If s = N/M, then the trailing  $(n-m) \times (n-m)$  submatrix is the identity matrix, i.e., a source memoryload number maps to the same target memoryload number. In this case, we read each memoryload, permute it in memory, then write it back to its original location on disk. No extra

parallel I/Os are necessary to create an empty memoryload slot. This special case requires only 2N/BD parallel I/Os.

If  $BD \leq M/2$ , we have the option of reducing the amount of available memory to M' = M/2 records and storing memoryload  $a_0^{(i)}$  in half of memory to avoid the expense of reading and writing it an extra time. Consequently, we must reduce the size of memory to M' for the entire BMMC factoring. Thus, the  $\lg(M/B)$  denominator in the upper bound decreases by one, i.e., the number of passes may increase.
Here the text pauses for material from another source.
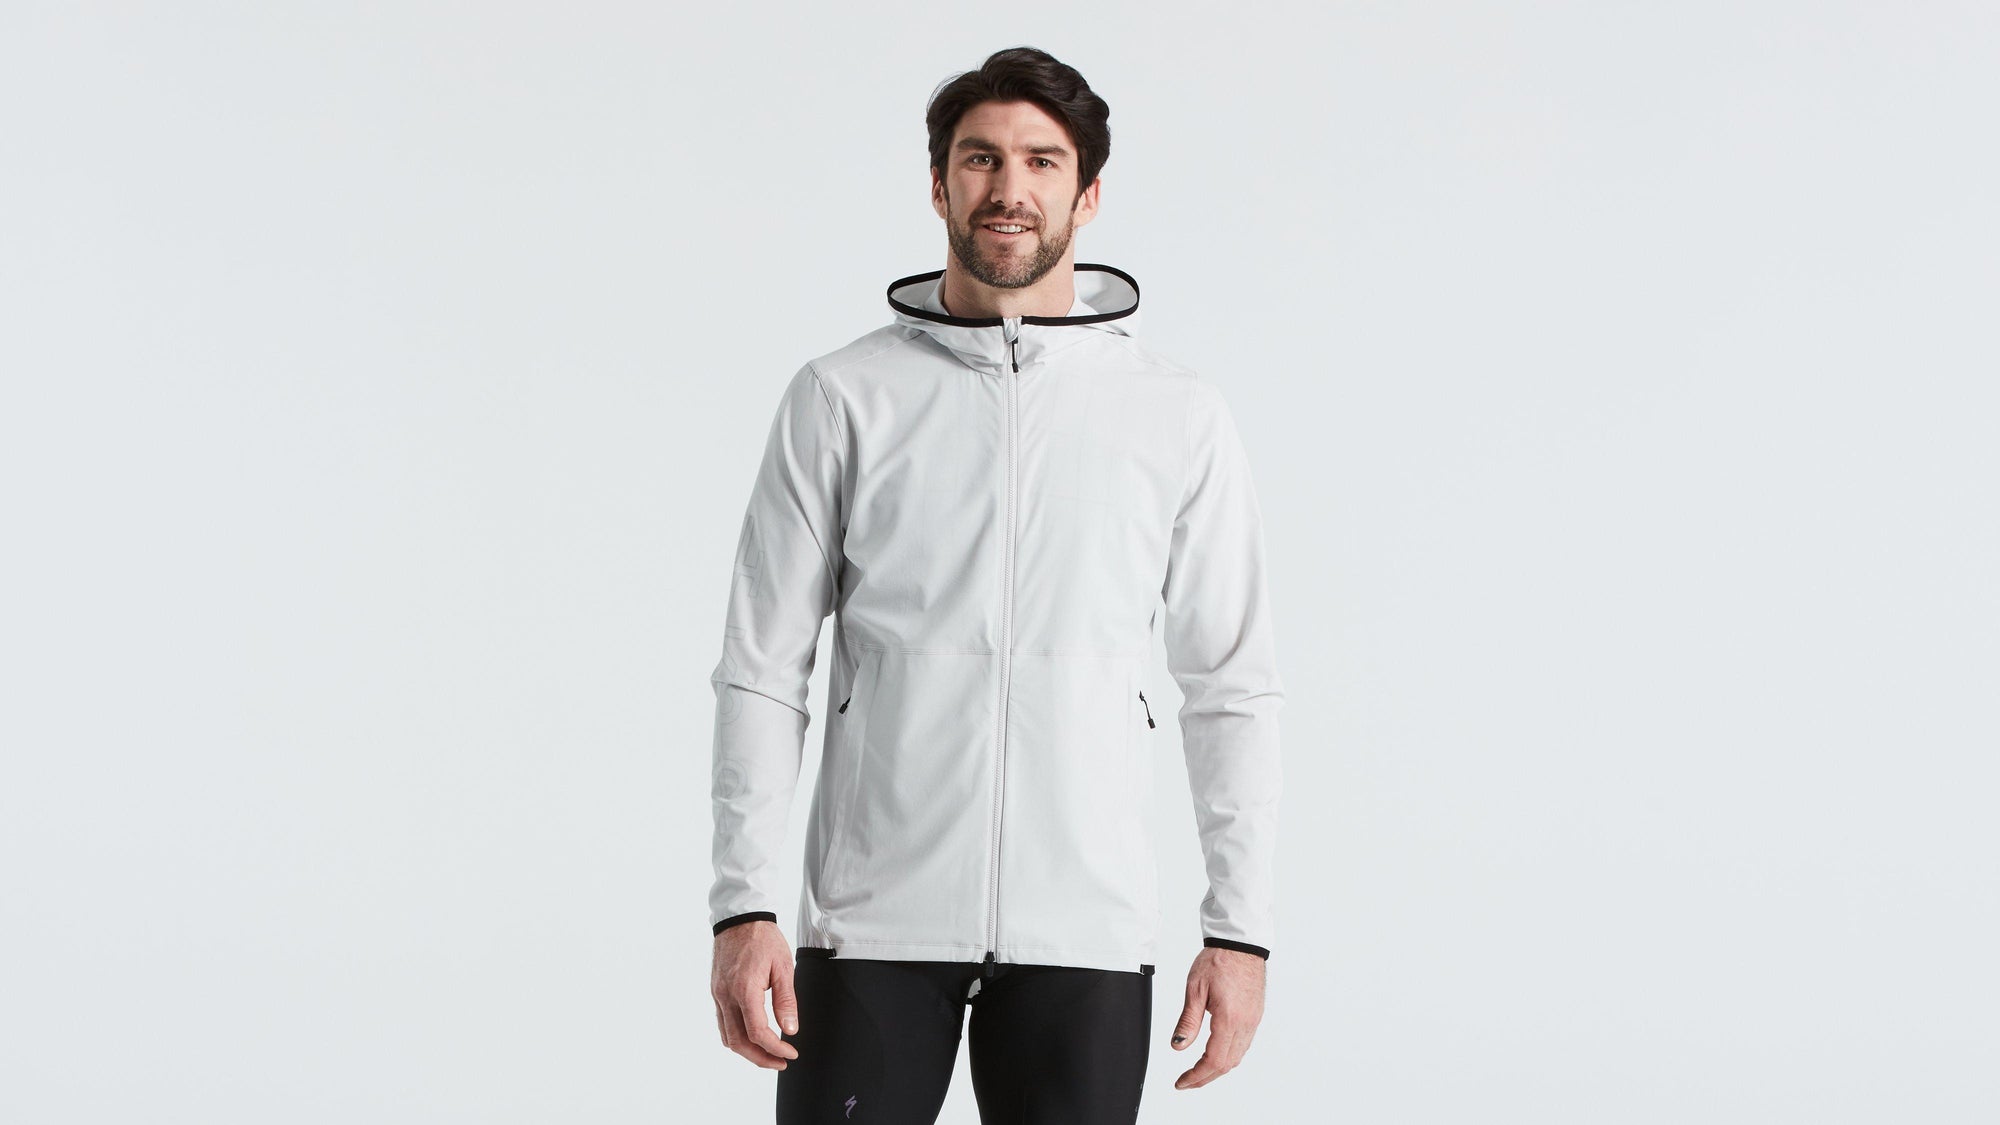 Men's Wind Jacket - Speed of Light Collection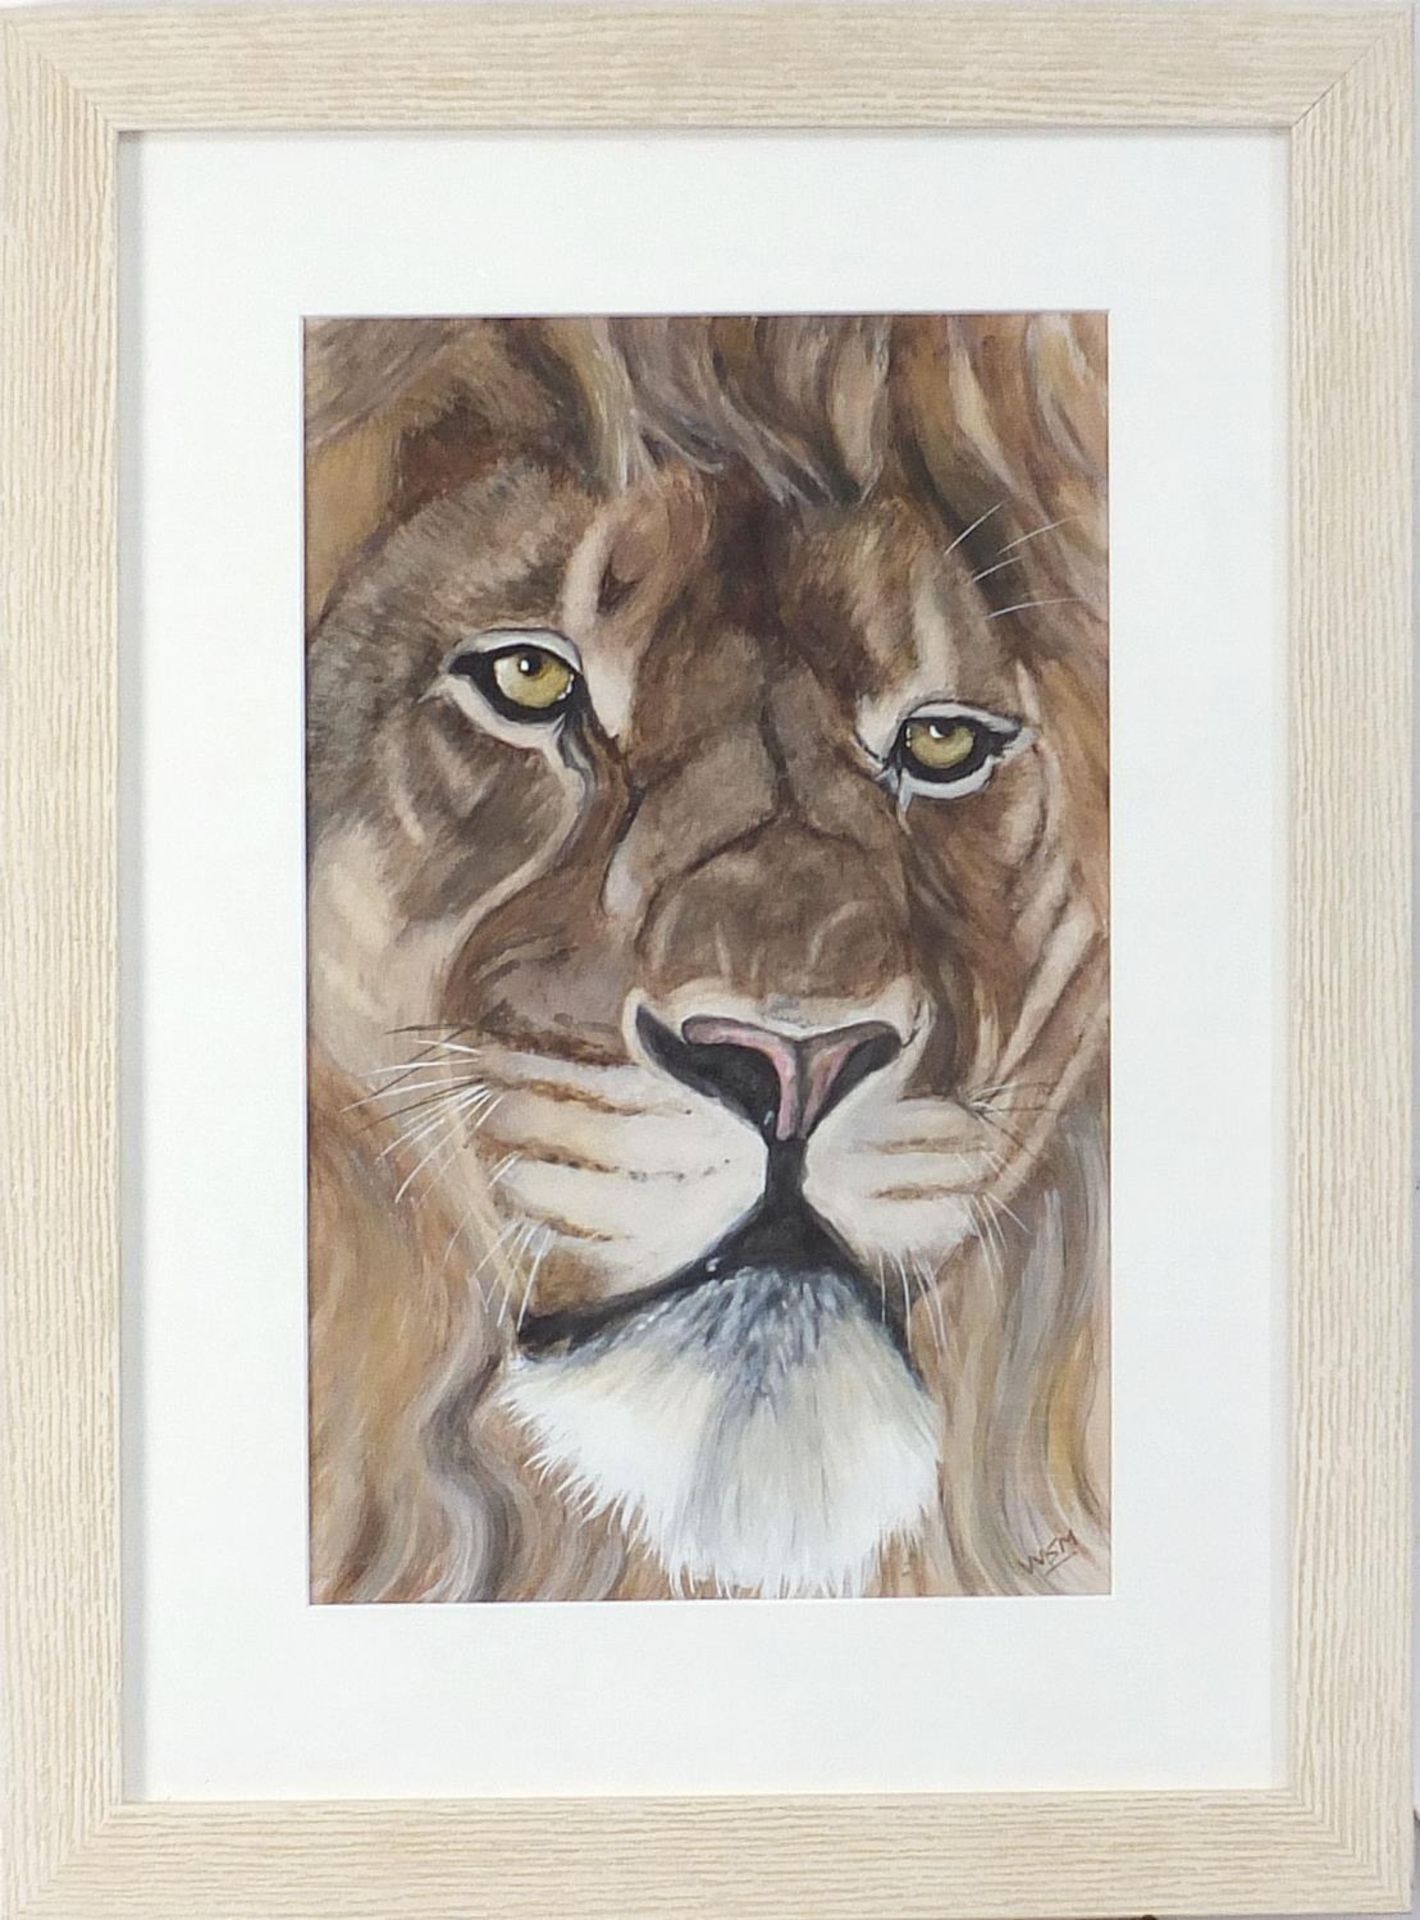 Will Smith - Portrait of a lion, watercolour, monogrammed, mounted, framed and glazed, 41cm x 25.5cm - Image 2 of 4

#### Performing erasure permutations in place

We now show how to perform the MLD subclass of erasure permutations in place. Erasure permutations have nonsingular characteristic matrices of the form

$$E^{-1} = \begin{bmatrix} b & m-b & n-m \\ I & 0 & 0 \\ 0 & I & 0 \\ 0 & \phi & I \end{bmatrix} \begin{bmatrix} b & m-b \\ m-b \\ n-m \end{bmatrix}$$

where  $\phi$  is arbitrary. The key parts of the characteristic matrix to observe are the lower left  $(n-b) \times b$  submatrix (which is all 0) and the trailing  $(n-b) \times (n-b)$  submatrix. The most significant n-b bits of a source address,  $x_{b..n-1}$ , represent the block number for each source block. Since the lower left  $(n-b) \times b$  submatrix is zero, the trailing  $(n-b) \times (n-b)$  submatrix must be nonsingular. The least significant b bits of a source address do not come into play when determining the target block number  $y_{b..n-1}$  to which a record maps. Thus, all the records in a source block map to the same target block. Therefore, the trailing  $(n-b) \times (n-b)$  submatrix induces a cycle of blocks just as the trailing  $(n-m) \times (n-m)$  submatrix of the characteristic matrix for MRC permutations defined a cycle of memoryloads.

We cannot rotate blocks using the method of reading full source memoryloads and writing them to full target memoryloads as in the in-place algorithm for MRC permutations. Since memoryloads are evenly distributed across the disks, that method guaranteed full utilization of available disk bandwidth when performing MRC permutations. For a permutation of block numbers, there exist nonsingular trailing  $(n-b) \times (n-b)$  submatrices for which all the blocks of a full source memoryload do not map evenly across the disks.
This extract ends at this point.